The Joy of Clojail
I’m glad to have learned enough clojail to use it practically. Below is a short file that demonstrates its capabilities.
Clojail lets you safely* embed a Clojure REPL inside an untrusted UI (for example, a web browser). It comes to us courtesy of Anthony Grimes, whom I saw present this work in 2011, and the flatland crew.
- The Clojail authors explicitly do not promise that clojail is entirely secure.
It’s great that it exists because Clojure really shines in its abililty to embed Clojure repls in remote applications, such as 4clojure.org.
4clojure is an amazing application that I think heralds a new era of repl-based web interfaces. Teaching Clojure through examples, like 4clojure does, is one such application, but one can imagine many others.
As an API, Clojail lets you specify a tester
, which is a list of a
set of symbols, a set of objects, a set of packages, and a set of
namespaces.
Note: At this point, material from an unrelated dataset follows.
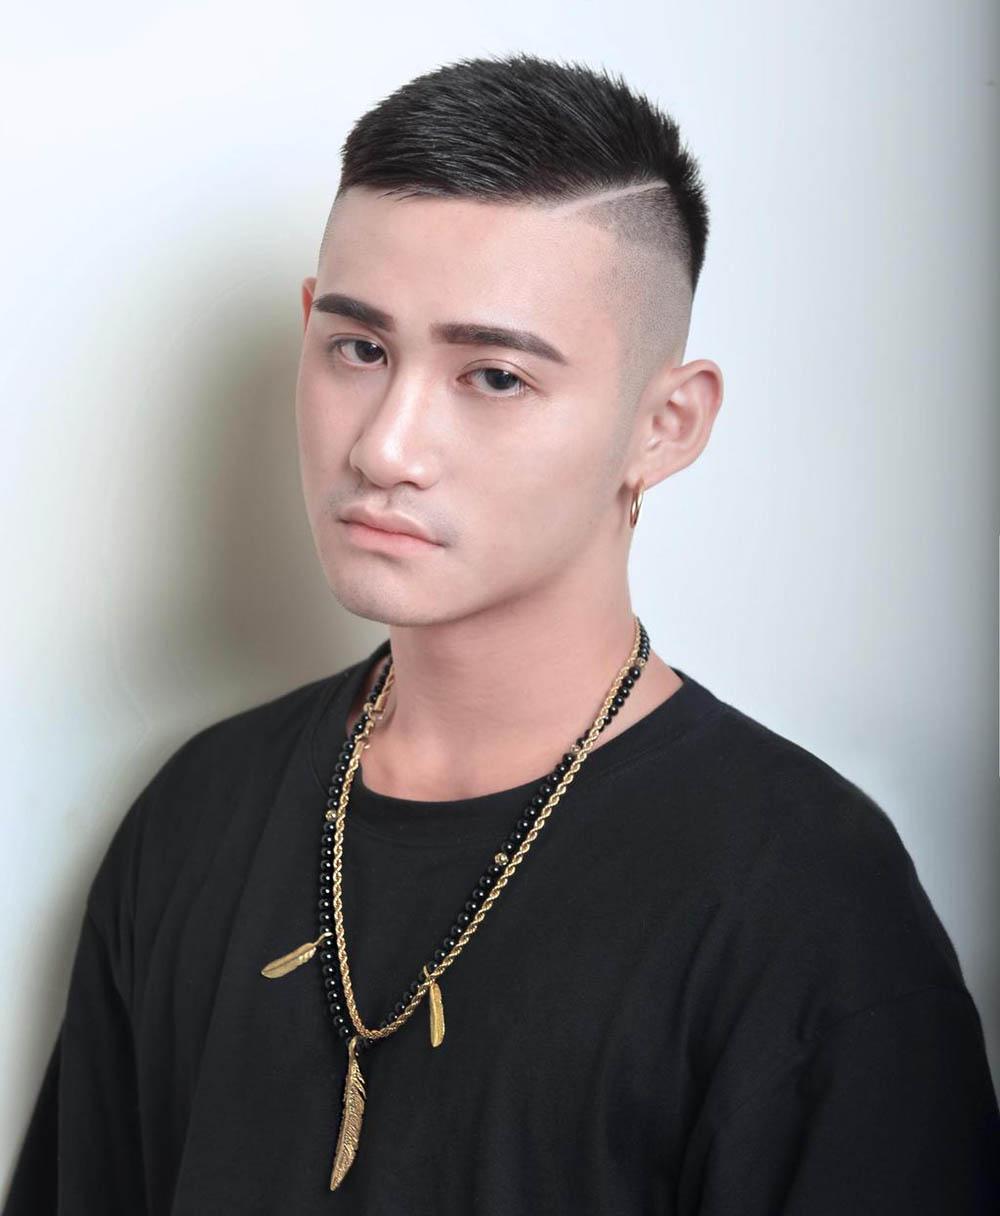 Kiểu tóc nam ngắn đẹp

These are all sets of entities that are
“blacklisted”. These symbols are denied access within the sandbox that
you are specifying: attempting to access them throws a SecurityException
.
The usage of testers and the syntax of the blacklists may seems a bit
complex at first. Hopefully my example below is enough to get over the
initial confusion that I, at least, felt. A good source of examples is
testers.clj
in the Clojail source code. I speculate that the usage of testers
as
a first-class term outside of the environment of the standard test/
directory gradually evolved as testers became recognized.
The trick for you as an application programmer and security auditor is figuring out exactly what set of symbols, objects, etc., to blacklist. It’s better to err on the side of specifying too many things than too few - better to have to deal with usability problems than exploits.
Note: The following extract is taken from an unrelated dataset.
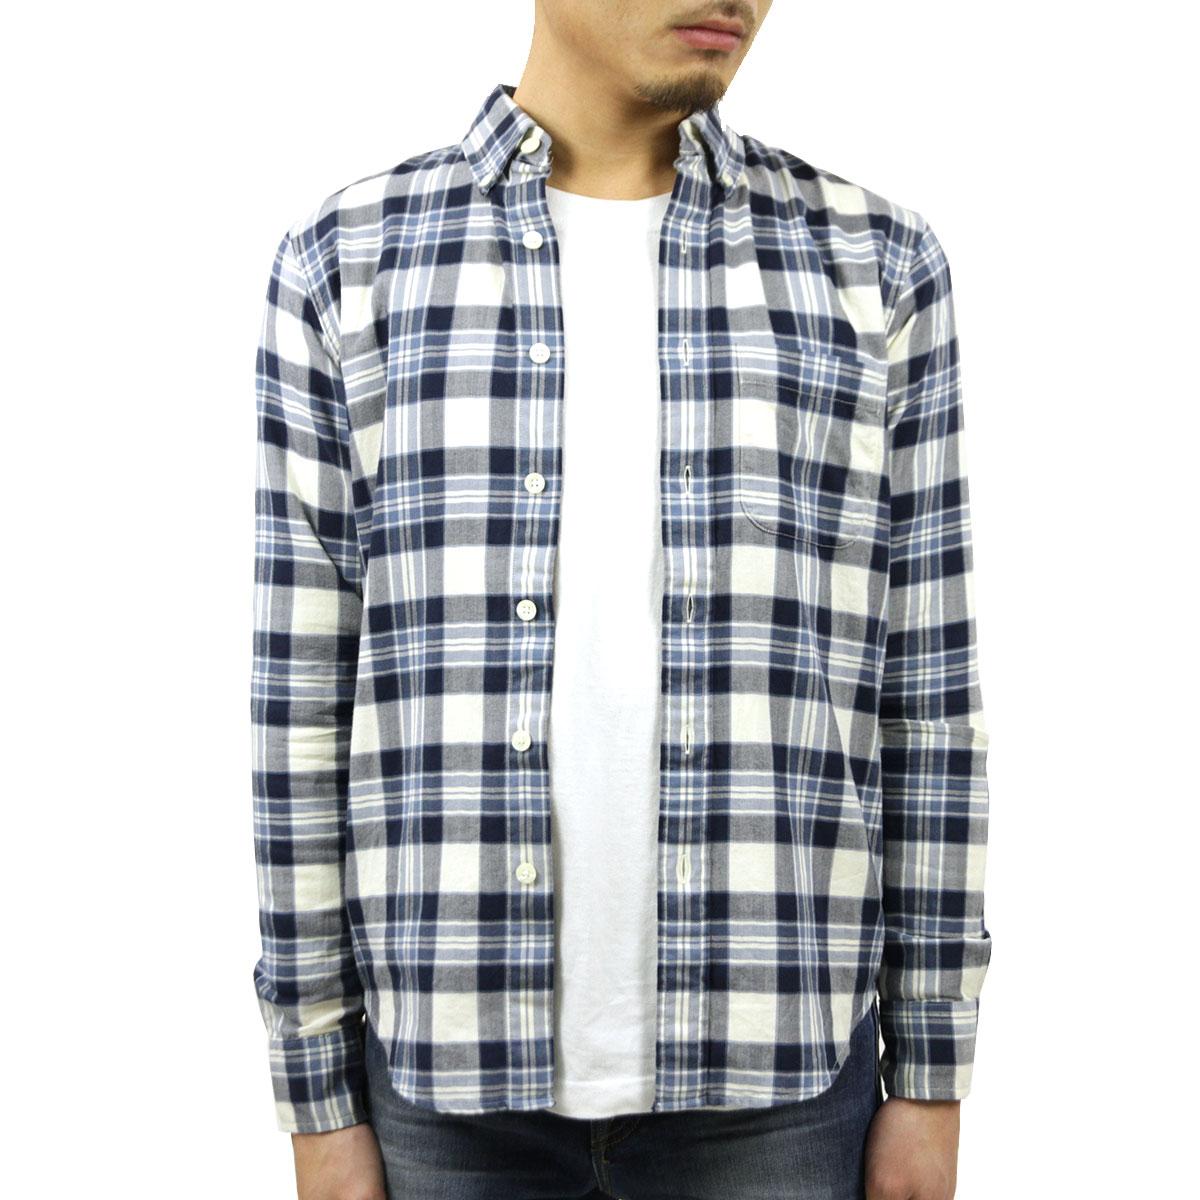 アバクロ Abercrombie&Fitch 正規品 メンズ 長袖シャツ Plaid Herringbone Button-Up Shirt 125-168-2372-228

I wonder whether one could specify a whitelist rather than a blacklist. Perhaps one could transform a whitelist into a blacklist, thus ensuring API compatibility with the existing clojail library. This would work if one had a Universal list: a list of all symbols, packages, etc. If so, one could generate a whitelist by simply taking the set difference between the universal set and the given whitelist. Now that I think about it, though, such a Universal list (and the blacklist) would be enormous. It might be better looking into how to add explicit whitelists instead within Clojail.